Tracy: I think love is a choice. You have to choose it all the time. I think Dan especially makes that choice over and over again.
Kevin: The play is both the good side and the messed up side of family love. I think the idea of family is so layered. The show is about how you navigate different personalities, different energies, different medications, different levels of attraction.
Does Diana and Dan’s relationship exemplify an ideal of married love?
Kevin: I think what the play does really well is that it gives you a glimpse of what brought them into marriage, and then it leaps forward and shows you what can happen over time. Dan and Diana represent a lot of marriages. Dan sings about a promise he made to stay true, but he never says ‘I still love you.’ They’re a good example of what can happen if you don’t speak your truth in a marriage.
In what way does the play highlight America’s love for medical interventions?
Tracy: I think medicine can be magical. It can be completely life changing. But as a society we tend to throw medicine at problems instead of getting to the root of the issue. In this particular instance, that’s what happens with Diana.
Kevin: I used to teach in the public school system. I used to deal with a lot of kids, and their answer right away was ‘I have ADHD. I’m on Ritalin.’ You know they’re taking something because their personality is gone. They’re not processing. Sometimes the answer is to just jump to medication.
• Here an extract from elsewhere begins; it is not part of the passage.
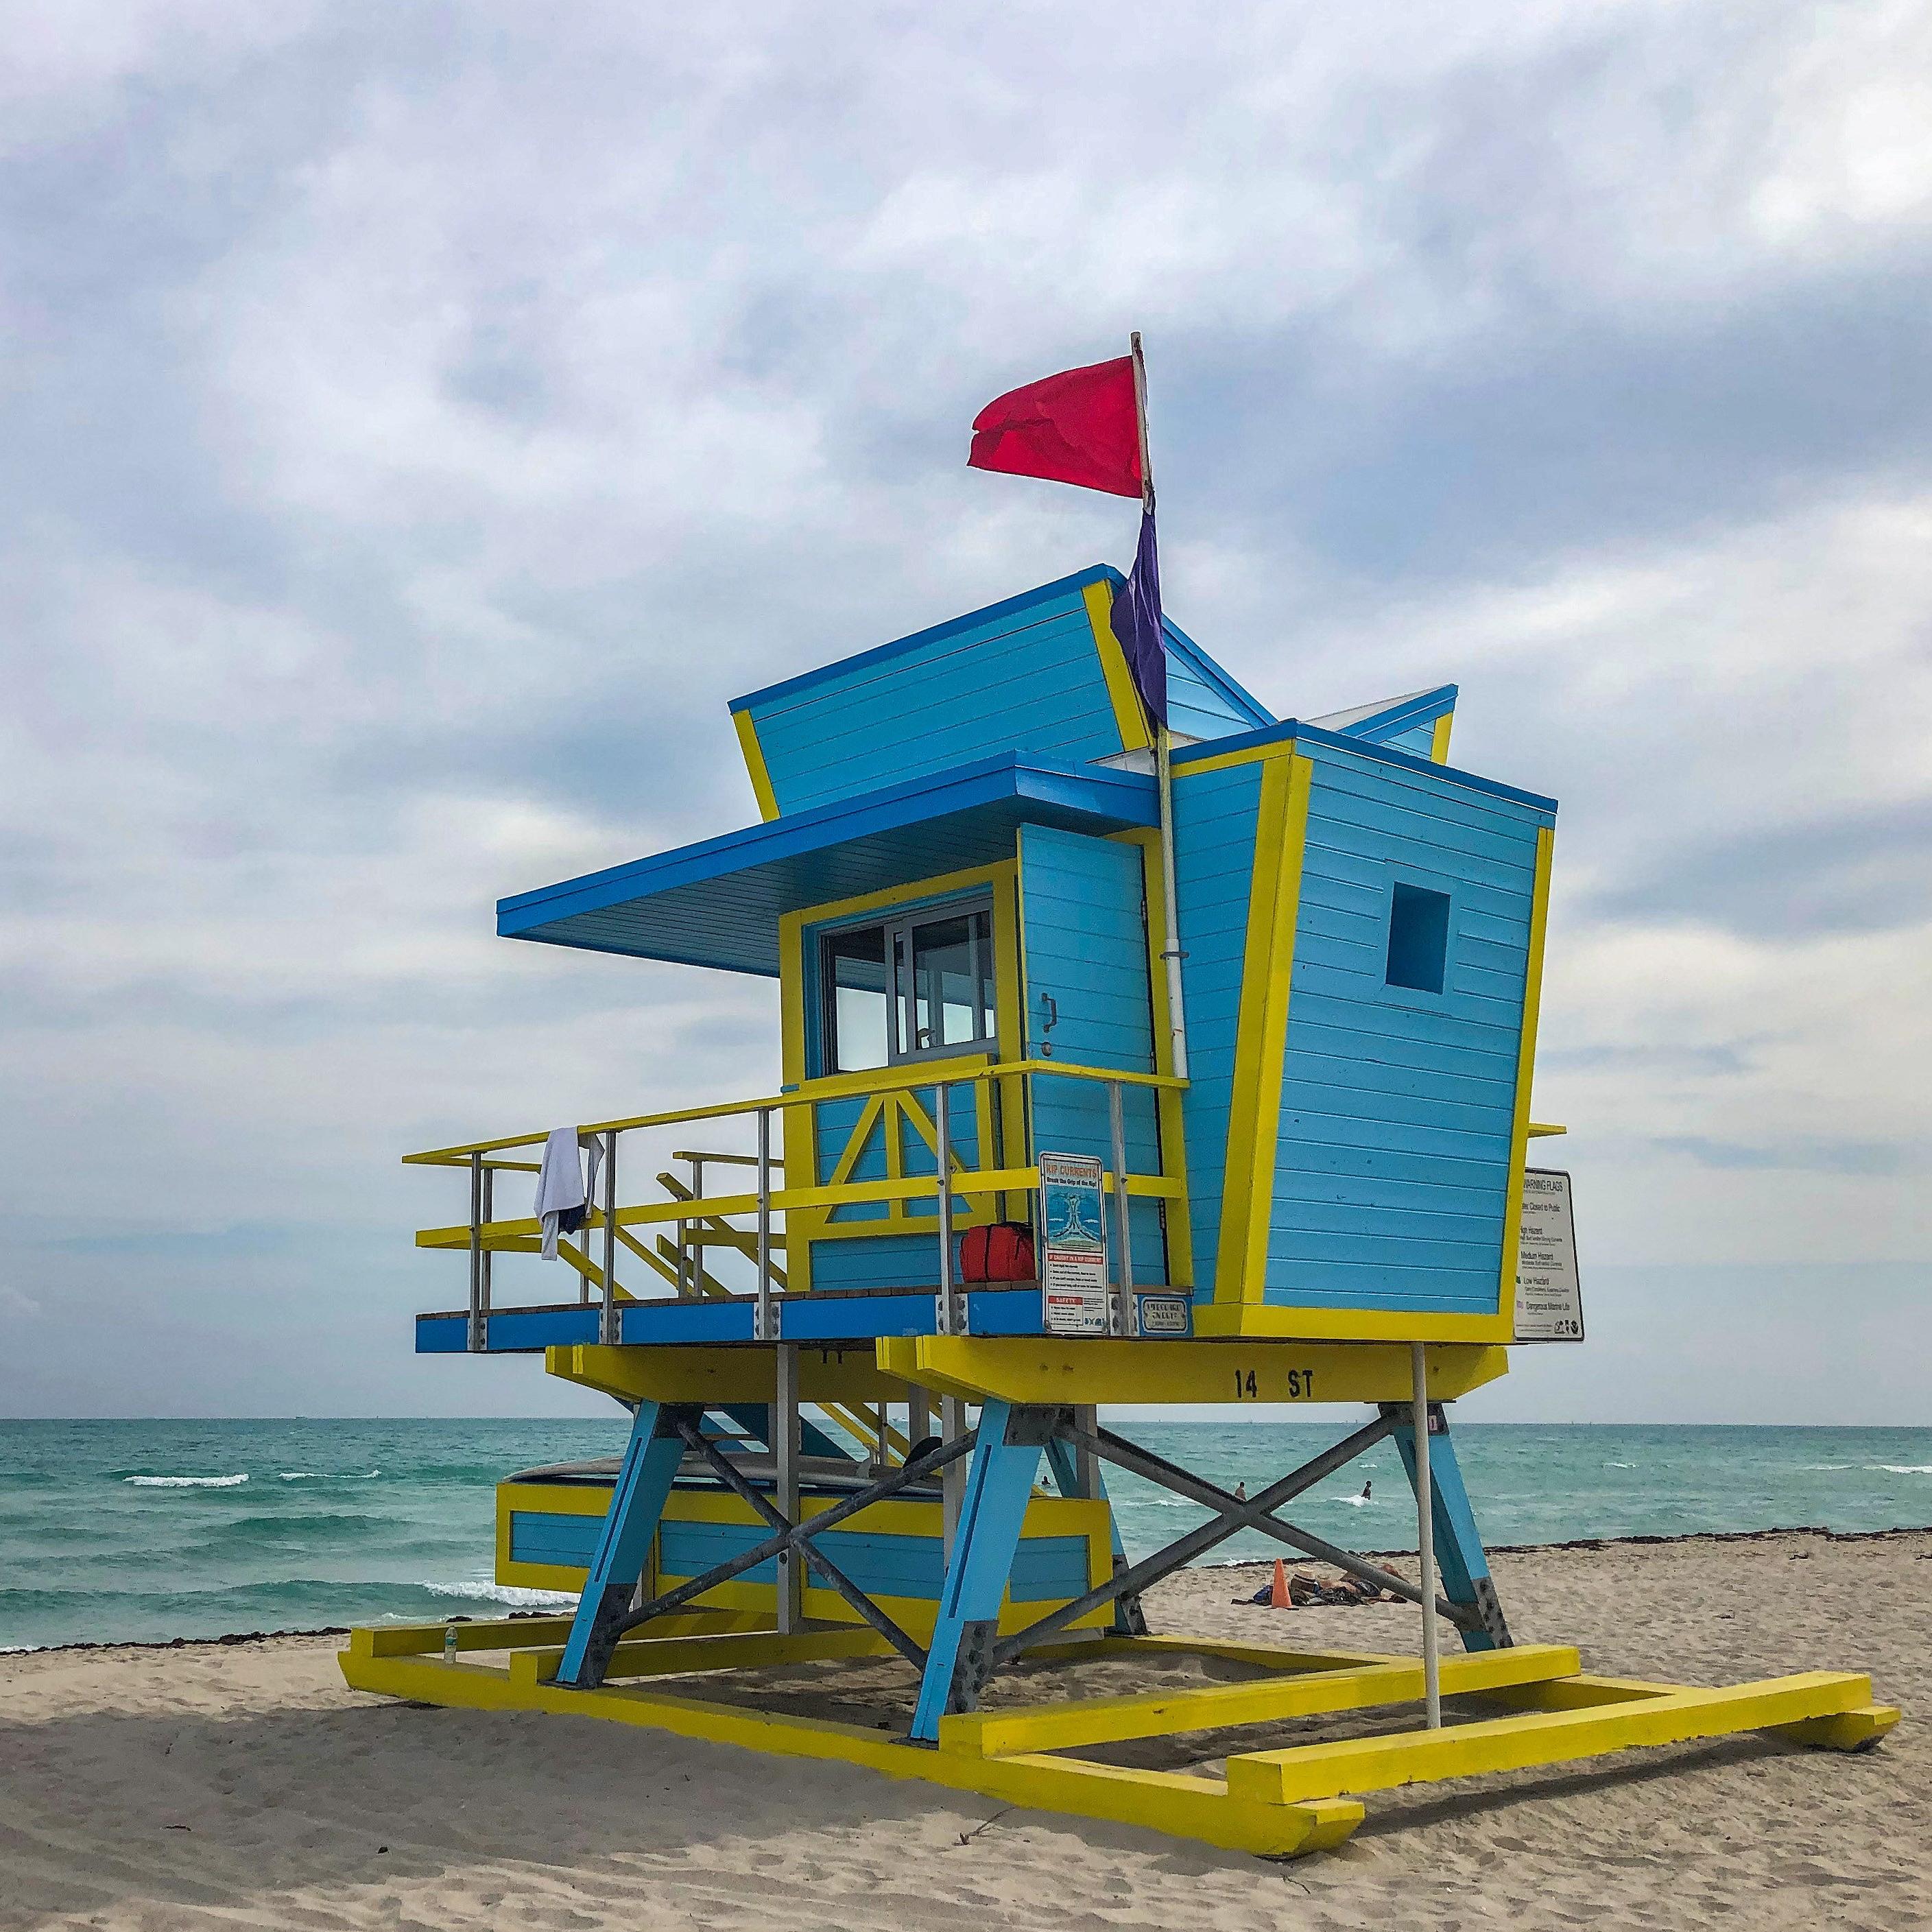 Christmas Tree Lane Los Angeles: Lifeguard Tower Miami Beach Florida

This play comes down heavily on what we’re putting into our bodies and why.
Why does Next to Normal continue to have such relevance to contemporary audiences all over the world?
Kevin: Mental Health has become such a major issue in the last five or six years, especially since the pandemic, so I think people are paying more attention to self. This show still resonates because it really is big on choice.
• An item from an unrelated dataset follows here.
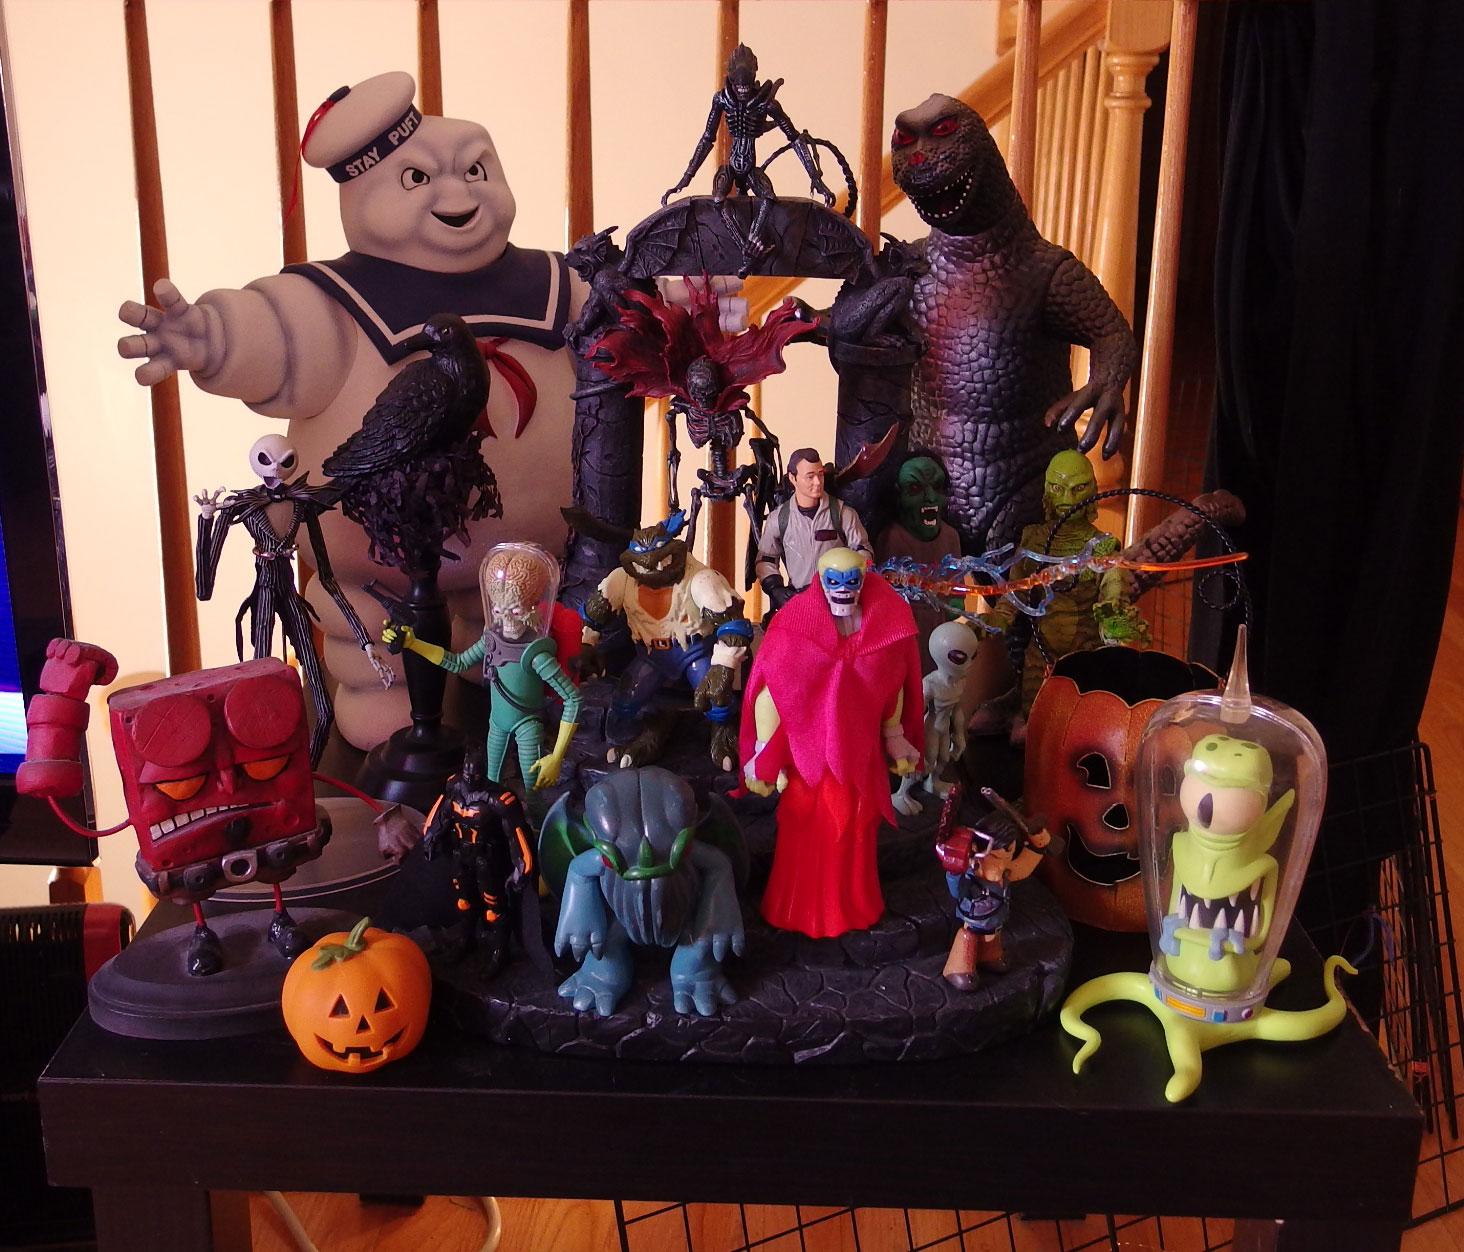 Poe's 2013 Halloween Mood Table!

Tracy: This play is about people fighting really hard to be OK. Everyone in this piece is trying to get to the same thing, which is to love and be loved. That’s the beauty of this to me.
Catch Before Closing
Shutter Sisters, 1st Stage
Showing 1 Feb – 18 Feb
www.1ststage.org
The transformative power of love is on full display in playwright Mansa Ra’s Shutter Sisters, a story about two women – Mikal and Michael – who embark on new chapters of life as one becomes an empty-nester while the other attends her adoptive mother’s funeral. Ra’s work is informed by the concept of Black Radical Love, or the notion that collective love and care between Black people can be an act of resistance. Love, believes Ra, is the most powerful weapon in our arsenal.

Deidra LaWan Starnes plays Mikal, who has more in common with Michael than may initially appear. “The complexity of these women’s lives is what makes them so similar in their journeys. Their journeys are sparked by wanting this love, this sense of being and belonging,” says Starnes. “I feel that what these women so desperately want is roots and security and stability.” Tonya Beckman agrees that her character Michael is dealing with issues that mirror those of Mikal. “On the surface, Mikal and Michael seem like very different women but they have so many commonalities. They are more alike than they are different.”
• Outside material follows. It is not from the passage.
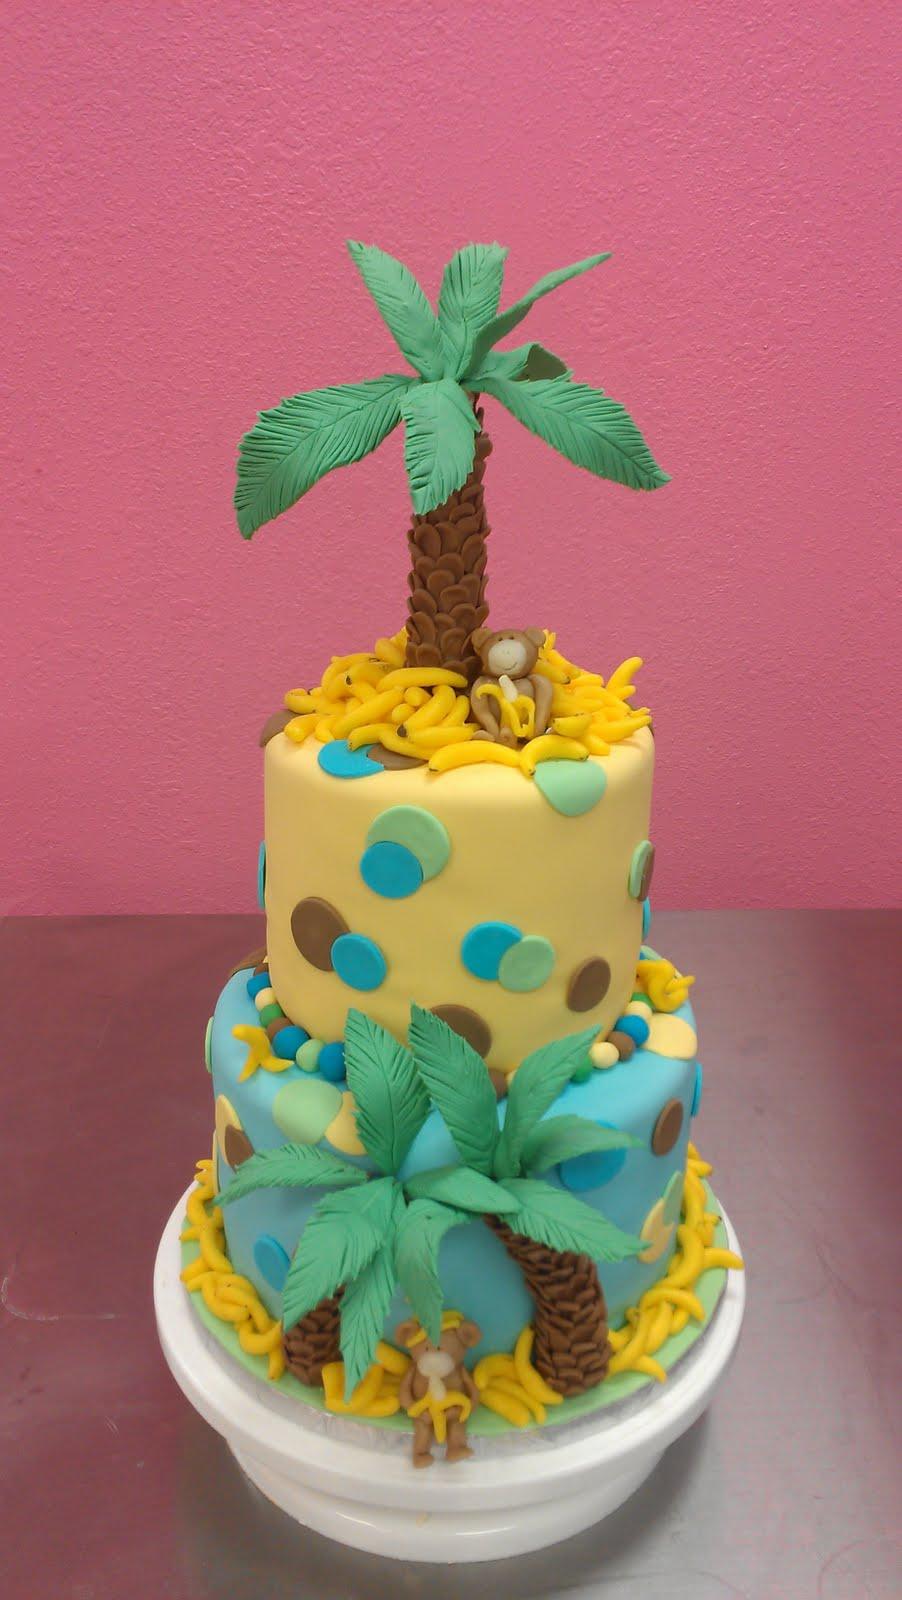 Wendy Woo Cakes: Monkey Cake Tutorial

Shared love, care and commitment – the central tenets of Black Radical Love – seem to have characterized the working process leading up to opening night, as both Beckman and Starnes attest. “It’s been very easy to be open and honest.” Beckman says. “It’s a group of such kind, loving people. There was a sense of trust immediately. It allows for conversation that usually takes much longer to arrive at.” Starnes concurs: “It can take a while before people get vulnerable, but I feel like we jumped in and threw our hearts into this from the first day.”
These powerhouse actors are on stage together for the first time in this production – despite sharing a long professional history – so audiences can look forward to the type of chemistry, vulnerability and love that only comes from performers being familiar with each other.